La formation des wattmen est validée par des examens de capacité (théorique et pratique) effectués par des examinateurs internes aux TPG, agréés par l’OFT. Cet examen répond aux exigences de l’ordonnance du Département fédéral de l’environnement, des transports, de l’énergie et de la communication (DETEC) sur l’admission à la conduite de véhicules moteursdes chemins de fer (OCVM – RS 742.141.21).
Une fois leur permis de conduire tramways obtenu, les wattmen sont soumis tous les cinq ans à un examen périodique permettant de s’assurer que leurs compétences, telles que prescrites dans l’OCVM, sont à niveau pour poursuivre leur activité de conduite. S’ajoutent à ce qui précède plusieurs actions de management entreprises régulièrement tout au long de l’année par les responsables de groupe, à
savoir :

– des audits de procédures qui sont effectués régulièrement durant l’exploitation du réseau. Ces audits sont effectués sur le réseau par le coordinateur sécurité, l’expert tramway et les responsables de groupe du domaine de l’exploitation;
– des audits d’accompagnement qui sont effectués régulièrement à bord des véhicules par les responsables de groupe. L’auditeur contrôle, entre autres, le respect des limitations de vitesse et l’accélération du convoi à la sortie de la courbe;
– des contrôles pédagogiques de vitesse qui sont organisés par l’expert tramway en collaboration avec les responsables de groupe et le service de la police municipale des communes concernées. Ces contrôles s’effectuent à l’aide d’un « radar mobile ». Concernant plus spécifiquement le secteur sensible de Carouge, deux contrôles de vitesse de ce type ont été réalisés en 2014, soit les 20 mars et 3 juillet.
Enfin, la direction de l’exploitation des TPG s’assure que ses cadres soient présents régulièrement sur le réseau afin de sensibiliser les wattmen à la bonne conduite et à l’application des prescriptions en vigueur.
Lorsqu’il apparaît que ces mesures ne sont pas respectées ou que des dysfonctionnements sont constatés lors des audits et contrôles cités ci-avant, des objectifs d’amélioration sont fixés aux wattmen avec un délai défini. A son échéance, une vérification est réalisée pour s’assurer de l’atteinte de l’objectif fixé.
En cas de persistance des nuisances sonores des tramways, dans des cas particuliers et très ponctuellement sur le réseau, des limitations de vitesses peuvent être introduites pour atténuer lesdites nuisances, tout en veillant à ce que ces dernières impactent le moins possible la vitesse commerciale et l’exploitation du réseau tramways.

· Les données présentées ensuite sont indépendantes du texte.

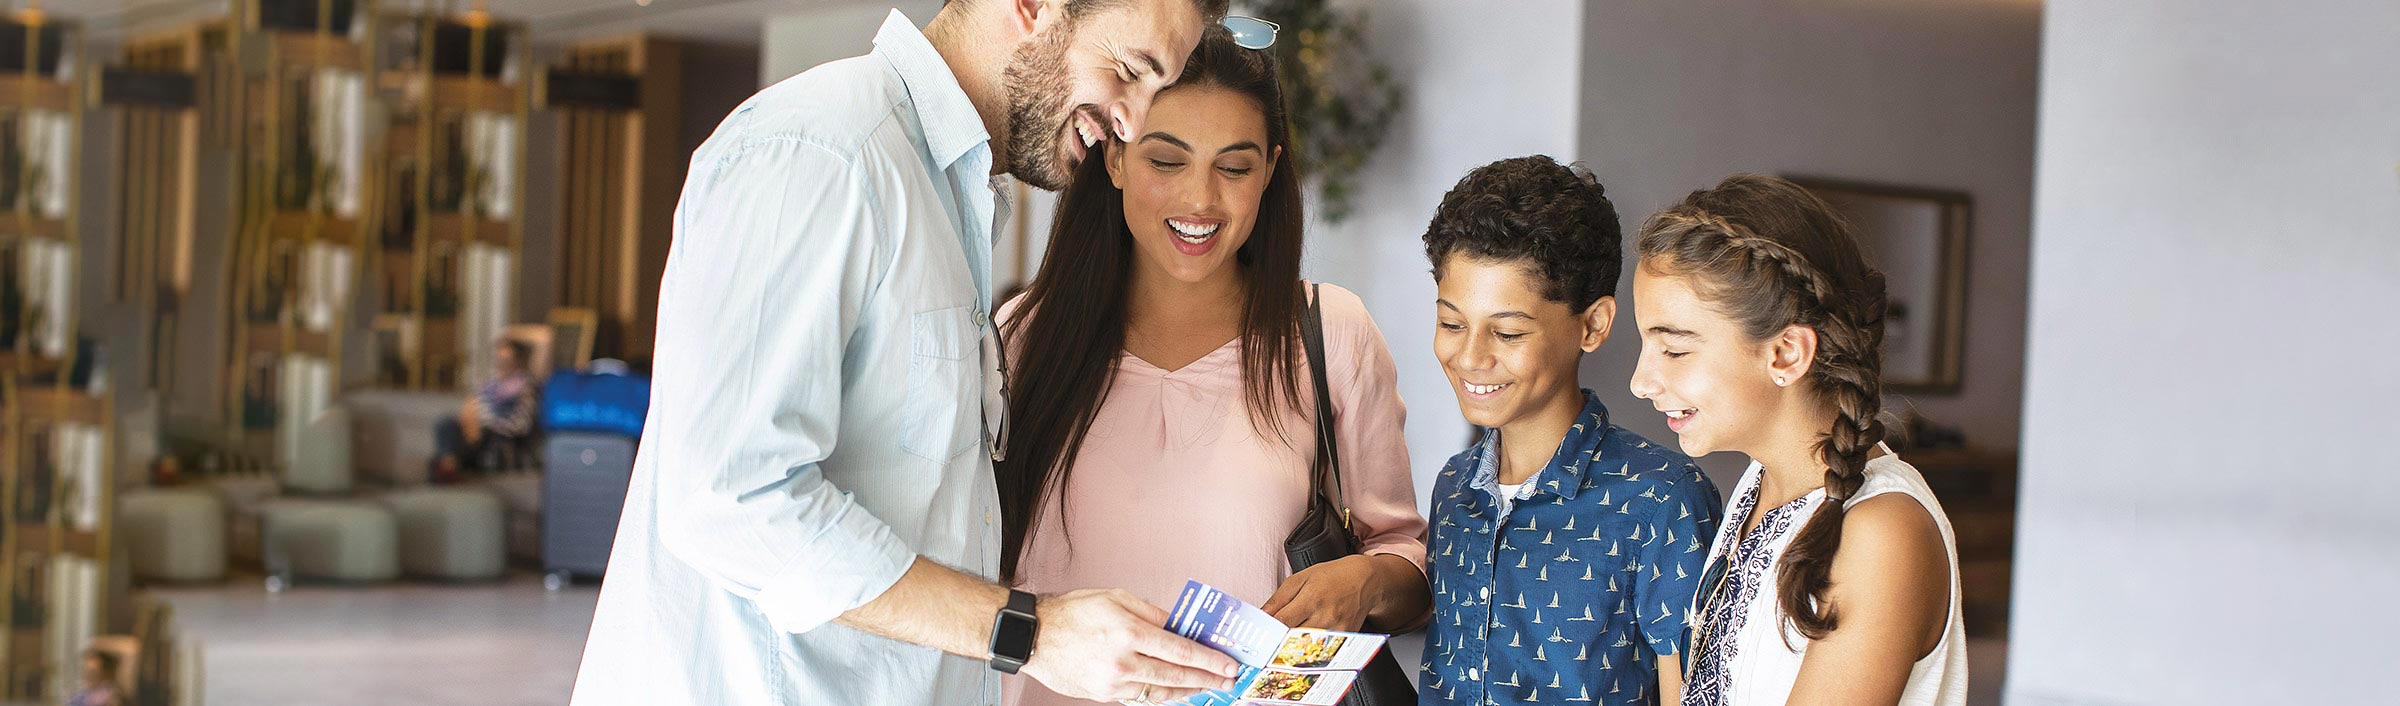 Familj med två barn som står i rum och tittar i broschyr

Pour illustrer ce qui précède, depuis le 28 juin dernier, les TPG ont réduit sur l’axe du Vieux-Carouge, soit les rues Ancienne, du Marché et Saint-Victor où circulent les lignes 14 et 18, la vitesse des tramways toutes les nuits entre 21h30 et 06h30 selon les modalités suivantes :
– 15 km/h au lieu de 25 km/h entre les arrêts « Ancienne » et « Armes » direction Plainpalais;
– 15 km/h au lieu de 30 km/h entre les arrêts « Marché » et « Ancienne » direction Rondeau de Carouge.

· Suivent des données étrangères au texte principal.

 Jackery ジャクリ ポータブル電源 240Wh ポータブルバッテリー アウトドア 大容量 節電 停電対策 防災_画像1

Il sera également procédé à une intensification des contrôles inopinés deswattmen, contrôles consistant à prélever aléatoirement l’enregistreur de fin de parcours du véhicule pour vérifier la vitesse réelle de déplacement du tramway ainsi que d’autres paramètres de conduite. L’analyse de l’enregistrement permettra d’engager, si nécessaire, une action de management auprès du conducteur concerné par la fixation d’objectifs d’amélioration pour remédier aux défauts comportementaux constatés. En ce qui concerne les infrastructures et le matériel roulant, les TPG sont en train d’intervenir pour installer des graisseurs de voies fixes supplémentaires dans l’infrastructure, respectivement pour améliorer le graissage du boudin des roues des tramways.
Le conseiller d’Etat chargé du département de l’environnement, des transports et de l’agriculture (DETA), Monsieur Luc Barthassat, qui préside la commission cantonale de protection contre le bruit, a par ailleurs fait inscrire à l’ordre du jour de la séance plénière du 16 juin 2014 une audition des TPG relative aux nuisances sonores générées par la circulation des tramways. Le Conseil d’Etat suit dès lors avec attention cette problématique et attend des TPG une mise en oeuvre rigoureuse et rapide des mesures énoncées ci-avant.

Au bénéfice de ces explications, le Conseil d’Etat vous invite, Mesdames et Messieurs les Députés, à prendre acte de la présente réponse.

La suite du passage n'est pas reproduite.